- Leucine (pictured above), Isoleucine, and valine are the branched-chain amino acids used to treat BCKDK deficit
- Specialty: Medical genetics

= Branched-chain keto acid dehydrogenase kinase deficiency =

Autosomal recessive metabolic disorder

Branched-chain keto acid dehydrogenase kinase deficiency (BCKDK deficiency) is a disease resulting from mutations of the BCKDK gene. Patients with BCKDK deficiency have low levels of branched chain amino acids (BCAA) in their organism due to accelerated breakdown of these essential amino acids. This results in delayed brain development, which may present as intellectual disability and autism spectrum disorder.
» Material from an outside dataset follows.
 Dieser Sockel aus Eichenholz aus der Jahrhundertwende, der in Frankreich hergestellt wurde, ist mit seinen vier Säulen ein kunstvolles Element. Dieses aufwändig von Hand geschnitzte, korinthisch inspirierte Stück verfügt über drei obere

Patients may suffer from epileptic seizure.

==Signs and symptoms==
BCKDK deficit disease symptoms may include autism, intellectual disability and developmental delay.
R.Constante, Juliana et al. reported a list of symptoms in a study of 20 cases.
Those symptoms included: neurodevelopmental delay, gross motor function impairment, intellectual disability, language impairment, epilepsy and clumsiness, and also microcephaly, non present at birth.

==Treatment==
Continuous replenishment of BCAA levels has been reported to alleviate the symptoms in patients, combined with a high protein diet.
Ongoing studies, not yet published, may indicate a greater improvement if the supplementation is administrated every 3 hours.
When treatment was applied, (supplementation of 100–260 mg/kg/day and high protein diet), all patients improved in motor functions, and half the patients reached normocephaly.
None of the patients that started treatment before 2 years old developed autism, and the patient who started treatment earlier (8 months) experienced almost normal development at 3 years old.

==Prevalence==
According to Garcia-Cazorla (2020), there are currently 21 documented cases worldwide
R.Constante, Juliana et al. reported a list of symptoms in a study of 20 cases. It was communicated in the 14th European Paediatric Neurology Society Congress
.
Those symptoms included: neurodevelopmental delay, gross motor function impairment, intellectual disability, language impairment, epilepsy and clumsiness, and also microcephaly, non present at birth.

==History==
The disease was first described in 2012 in three unrelated families.

Later on, García-Cazorla, Oyarzabal et al. confirmed that BCKDK mutations can result in neurobehavioral deficits in humans and support the rationale for dietary intervention. In their 2013 study, they found out BCAA (leucine, isoleucine, and valine) supplementation every 5 hours plus a high protein diet showed significant improvement for BCKDK deficit disease patients.